§ YOUR GOAL
Below are some records. Print exactly the lines between the one holding "Floral Sneakers - Multicolor" and the one holding "Arte realista mostra", inclusive, and nothing else.

§ DATA

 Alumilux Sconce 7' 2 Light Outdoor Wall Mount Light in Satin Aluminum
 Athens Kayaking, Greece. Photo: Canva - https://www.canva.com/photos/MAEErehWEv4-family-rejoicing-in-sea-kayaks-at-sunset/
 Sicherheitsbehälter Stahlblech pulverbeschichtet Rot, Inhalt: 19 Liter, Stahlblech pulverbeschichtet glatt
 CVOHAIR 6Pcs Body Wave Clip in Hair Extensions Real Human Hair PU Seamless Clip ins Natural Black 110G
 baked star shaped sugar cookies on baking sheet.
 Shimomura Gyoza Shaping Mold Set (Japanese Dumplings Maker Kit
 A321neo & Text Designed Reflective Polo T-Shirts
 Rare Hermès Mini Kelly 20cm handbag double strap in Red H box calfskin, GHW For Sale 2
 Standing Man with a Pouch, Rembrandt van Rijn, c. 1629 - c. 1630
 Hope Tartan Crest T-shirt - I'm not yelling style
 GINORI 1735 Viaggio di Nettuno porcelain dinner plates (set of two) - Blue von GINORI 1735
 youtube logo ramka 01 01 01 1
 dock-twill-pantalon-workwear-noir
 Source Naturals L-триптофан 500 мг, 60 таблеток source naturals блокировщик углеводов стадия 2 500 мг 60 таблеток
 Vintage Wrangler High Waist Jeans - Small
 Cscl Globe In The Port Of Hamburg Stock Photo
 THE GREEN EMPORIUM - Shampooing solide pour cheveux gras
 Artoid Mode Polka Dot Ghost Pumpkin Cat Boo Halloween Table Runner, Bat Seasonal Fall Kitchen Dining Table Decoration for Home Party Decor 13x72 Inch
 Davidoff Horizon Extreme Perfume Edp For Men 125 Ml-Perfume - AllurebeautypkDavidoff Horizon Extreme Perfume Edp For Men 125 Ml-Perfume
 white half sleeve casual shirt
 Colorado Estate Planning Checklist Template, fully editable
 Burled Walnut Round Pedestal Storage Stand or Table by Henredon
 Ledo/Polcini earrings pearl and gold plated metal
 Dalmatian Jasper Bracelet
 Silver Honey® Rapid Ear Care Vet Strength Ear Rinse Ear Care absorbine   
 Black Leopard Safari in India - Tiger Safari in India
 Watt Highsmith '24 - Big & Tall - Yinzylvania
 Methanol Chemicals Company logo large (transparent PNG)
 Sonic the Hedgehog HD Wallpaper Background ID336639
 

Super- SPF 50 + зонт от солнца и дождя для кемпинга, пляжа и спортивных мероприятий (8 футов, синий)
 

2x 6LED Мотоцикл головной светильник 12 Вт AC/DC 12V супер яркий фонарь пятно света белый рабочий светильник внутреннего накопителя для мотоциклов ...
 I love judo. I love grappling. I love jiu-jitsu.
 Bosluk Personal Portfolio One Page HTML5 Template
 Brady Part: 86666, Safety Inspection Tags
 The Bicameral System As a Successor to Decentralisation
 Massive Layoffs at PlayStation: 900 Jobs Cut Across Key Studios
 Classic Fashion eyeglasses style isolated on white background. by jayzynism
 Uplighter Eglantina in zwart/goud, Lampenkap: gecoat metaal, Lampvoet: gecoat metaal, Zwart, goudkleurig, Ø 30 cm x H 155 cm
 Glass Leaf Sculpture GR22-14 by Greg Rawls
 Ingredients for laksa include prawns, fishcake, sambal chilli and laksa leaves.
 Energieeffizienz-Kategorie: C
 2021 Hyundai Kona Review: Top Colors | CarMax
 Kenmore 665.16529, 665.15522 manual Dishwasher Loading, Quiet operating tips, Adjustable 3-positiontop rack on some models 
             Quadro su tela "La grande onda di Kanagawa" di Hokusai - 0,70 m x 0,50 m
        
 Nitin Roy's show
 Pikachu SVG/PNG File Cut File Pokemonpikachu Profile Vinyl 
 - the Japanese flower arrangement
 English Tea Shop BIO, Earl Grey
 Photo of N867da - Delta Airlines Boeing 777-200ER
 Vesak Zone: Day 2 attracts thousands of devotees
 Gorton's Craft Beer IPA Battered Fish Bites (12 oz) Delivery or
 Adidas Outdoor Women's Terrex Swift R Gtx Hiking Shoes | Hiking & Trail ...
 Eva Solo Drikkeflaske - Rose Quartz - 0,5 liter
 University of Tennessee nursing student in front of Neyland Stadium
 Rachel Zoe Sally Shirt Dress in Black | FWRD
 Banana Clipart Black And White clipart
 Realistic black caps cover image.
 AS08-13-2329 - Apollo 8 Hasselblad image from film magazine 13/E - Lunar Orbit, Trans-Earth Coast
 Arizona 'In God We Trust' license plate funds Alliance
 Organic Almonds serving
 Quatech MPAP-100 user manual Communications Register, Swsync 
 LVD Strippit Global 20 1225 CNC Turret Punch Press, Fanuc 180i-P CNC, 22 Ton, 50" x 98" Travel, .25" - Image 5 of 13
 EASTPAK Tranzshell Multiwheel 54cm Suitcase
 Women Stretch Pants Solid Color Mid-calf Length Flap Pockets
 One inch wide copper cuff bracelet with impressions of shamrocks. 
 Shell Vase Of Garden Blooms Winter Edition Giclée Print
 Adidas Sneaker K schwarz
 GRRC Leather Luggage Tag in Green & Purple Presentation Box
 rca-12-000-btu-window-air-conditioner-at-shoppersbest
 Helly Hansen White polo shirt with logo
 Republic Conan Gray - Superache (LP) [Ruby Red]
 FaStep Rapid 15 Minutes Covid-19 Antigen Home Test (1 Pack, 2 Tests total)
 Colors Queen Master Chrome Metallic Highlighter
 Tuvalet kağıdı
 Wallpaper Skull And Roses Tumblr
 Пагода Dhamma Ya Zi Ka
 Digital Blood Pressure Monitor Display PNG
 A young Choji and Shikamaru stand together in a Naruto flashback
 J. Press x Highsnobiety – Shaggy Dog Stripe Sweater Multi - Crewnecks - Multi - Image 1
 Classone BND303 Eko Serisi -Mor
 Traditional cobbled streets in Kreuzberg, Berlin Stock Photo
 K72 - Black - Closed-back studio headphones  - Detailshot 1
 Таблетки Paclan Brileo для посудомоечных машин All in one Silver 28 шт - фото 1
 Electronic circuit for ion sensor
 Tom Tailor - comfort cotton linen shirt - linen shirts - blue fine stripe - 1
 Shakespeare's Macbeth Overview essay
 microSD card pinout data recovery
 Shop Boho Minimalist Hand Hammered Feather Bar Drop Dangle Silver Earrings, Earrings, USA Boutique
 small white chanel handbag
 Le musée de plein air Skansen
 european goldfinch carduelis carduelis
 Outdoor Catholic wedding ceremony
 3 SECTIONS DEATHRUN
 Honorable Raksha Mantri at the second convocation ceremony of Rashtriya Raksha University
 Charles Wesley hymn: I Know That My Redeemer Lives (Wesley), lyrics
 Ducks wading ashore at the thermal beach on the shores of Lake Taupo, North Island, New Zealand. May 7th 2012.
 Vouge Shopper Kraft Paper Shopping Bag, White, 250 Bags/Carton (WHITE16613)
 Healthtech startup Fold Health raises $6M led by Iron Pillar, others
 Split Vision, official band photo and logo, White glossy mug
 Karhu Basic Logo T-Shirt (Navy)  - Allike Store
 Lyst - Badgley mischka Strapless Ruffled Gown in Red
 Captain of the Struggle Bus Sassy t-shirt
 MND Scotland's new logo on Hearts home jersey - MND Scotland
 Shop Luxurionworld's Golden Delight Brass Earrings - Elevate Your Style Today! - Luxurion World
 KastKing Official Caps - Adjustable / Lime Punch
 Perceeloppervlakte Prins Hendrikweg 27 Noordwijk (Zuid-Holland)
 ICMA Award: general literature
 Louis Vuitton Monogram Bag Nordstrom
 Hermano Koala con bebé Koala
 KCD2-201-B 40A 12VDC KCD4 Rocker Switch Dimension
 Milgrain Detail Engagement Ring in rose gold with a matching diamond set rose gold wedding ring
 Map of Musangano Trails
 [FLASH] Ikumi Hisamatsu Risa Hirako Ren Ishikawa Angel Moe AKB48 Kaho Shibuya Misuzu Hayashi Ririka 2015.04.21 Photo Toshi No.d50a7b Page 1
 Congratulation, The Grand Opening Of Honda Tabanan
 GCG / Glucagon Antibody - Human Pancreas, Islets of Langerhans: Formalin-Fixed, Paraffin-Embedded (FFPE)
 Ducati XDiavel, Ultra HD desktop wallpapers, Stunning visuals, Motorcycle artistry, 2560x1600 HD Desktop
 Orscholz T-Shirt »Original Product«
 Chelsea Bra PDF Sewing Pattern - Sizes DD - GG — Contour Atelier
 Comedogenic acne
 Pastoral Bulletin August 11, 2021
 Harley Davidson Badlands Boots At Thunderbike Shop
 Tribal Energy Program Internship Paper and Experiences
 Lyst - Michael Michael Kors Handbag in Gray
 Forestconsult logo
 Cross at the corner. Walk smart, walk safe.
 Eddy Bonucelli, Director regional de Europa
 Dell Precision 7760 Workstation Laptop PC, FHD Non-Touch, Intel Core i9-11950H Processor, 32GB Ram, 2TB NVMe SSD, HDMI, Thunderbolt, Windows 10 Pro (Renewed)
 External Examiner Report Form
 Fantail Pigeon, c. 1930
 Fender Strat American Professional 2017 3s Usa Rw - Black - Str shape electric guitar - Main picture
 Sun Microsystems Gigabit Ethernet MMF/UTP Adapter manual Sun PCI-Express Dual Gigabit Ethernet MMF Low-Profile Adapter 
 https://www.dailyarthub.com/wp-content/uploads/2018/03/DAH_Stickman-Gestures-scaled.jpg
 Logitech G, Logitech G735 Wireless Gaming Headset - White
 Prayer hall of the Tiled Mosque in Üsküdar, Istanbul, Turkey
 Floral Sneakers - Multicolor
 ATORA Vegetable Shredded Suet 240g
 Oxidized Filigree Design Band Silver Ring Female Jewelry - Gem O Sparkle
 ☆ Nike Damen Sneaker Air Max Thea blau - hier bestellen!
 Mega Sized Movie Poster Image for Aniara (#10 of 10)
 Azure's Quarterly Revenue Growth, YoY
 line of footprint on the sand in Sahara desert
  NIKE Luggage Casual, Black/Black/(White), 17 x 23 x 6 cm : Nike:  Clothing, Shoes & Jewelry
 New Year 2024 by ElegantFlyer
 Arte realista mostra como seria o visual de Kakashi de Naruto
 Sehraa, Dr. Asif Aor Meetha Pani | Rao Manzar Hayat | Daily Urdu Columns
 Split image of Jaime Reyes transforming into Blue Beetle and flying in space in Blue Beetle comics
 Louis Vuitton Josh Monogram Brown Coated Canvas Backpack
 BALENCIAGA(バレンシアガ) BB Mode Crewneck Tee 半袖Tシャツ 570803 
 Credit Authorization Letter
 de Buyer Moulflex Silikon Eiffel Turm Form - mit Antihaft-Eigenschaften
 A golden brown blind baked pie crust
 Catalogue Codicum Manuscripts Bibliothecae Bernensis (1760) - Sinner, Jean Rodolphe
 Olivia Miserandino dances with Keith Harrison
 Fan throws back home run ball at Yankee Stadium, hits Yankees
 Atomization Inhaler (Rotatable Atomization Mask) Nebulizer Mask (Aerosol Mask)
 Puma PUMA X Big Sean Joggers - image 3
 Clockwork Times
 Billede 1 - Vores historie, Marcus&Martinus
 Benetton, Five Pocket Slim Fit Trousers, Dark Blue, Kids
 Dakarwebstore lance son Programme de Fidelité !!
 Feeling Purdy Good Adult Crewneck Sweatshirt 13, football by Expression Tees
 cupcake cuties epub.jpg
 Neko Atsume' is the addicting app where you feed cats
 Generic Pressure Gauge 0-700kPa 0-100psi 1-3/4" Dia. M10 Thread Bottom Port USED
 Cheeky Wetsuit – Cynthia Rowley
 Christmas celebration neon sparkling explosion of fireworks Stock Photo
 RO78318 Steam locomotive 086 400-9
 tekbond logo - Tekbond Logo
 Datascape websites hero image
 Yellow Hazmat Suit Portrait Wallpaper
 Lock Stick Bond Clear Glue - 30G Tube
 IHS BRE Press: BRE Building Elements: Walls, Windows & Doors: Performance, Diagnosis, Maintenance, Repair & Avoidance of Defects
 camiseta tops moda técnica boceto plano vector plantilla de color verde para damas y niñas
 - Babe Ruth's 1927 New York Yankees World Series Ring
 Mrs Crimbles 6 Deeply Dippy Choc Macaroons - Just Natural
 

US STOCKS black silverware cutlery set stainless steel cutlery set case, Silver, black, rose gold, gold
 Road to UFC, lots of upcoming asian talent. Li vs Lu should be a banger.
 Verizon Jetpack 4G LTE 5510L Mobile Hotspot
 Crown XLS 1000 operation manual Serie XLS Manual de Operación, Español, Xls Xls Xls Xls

§ ANSWER
 Floral Sneakers - Multicolor
 ATORA Vegetable Shredded Suet 240g
 Oxidized Filigree Design Band Silver Ring Female Jewelry - Gem O Sparkle
 ☆ Nike Damen Sneaker Air Max Thea blau - hier bestellen!
 Mega Sized Movie Poster Image for Aniara (#10 of 10)
 Azure's Quarterly Revenue Growth, YoY
 line of footprint on the sand in Sahara desert
  NIKE Luggage Casual, Black/Black/(White), 17 x 23 x 6 cm : Nike:  Clothing, Shoes & Jewelry
 New Year 2024 by ElegantFlyer
 Arte realista mostra como seria o visual de Kakashi de Naruto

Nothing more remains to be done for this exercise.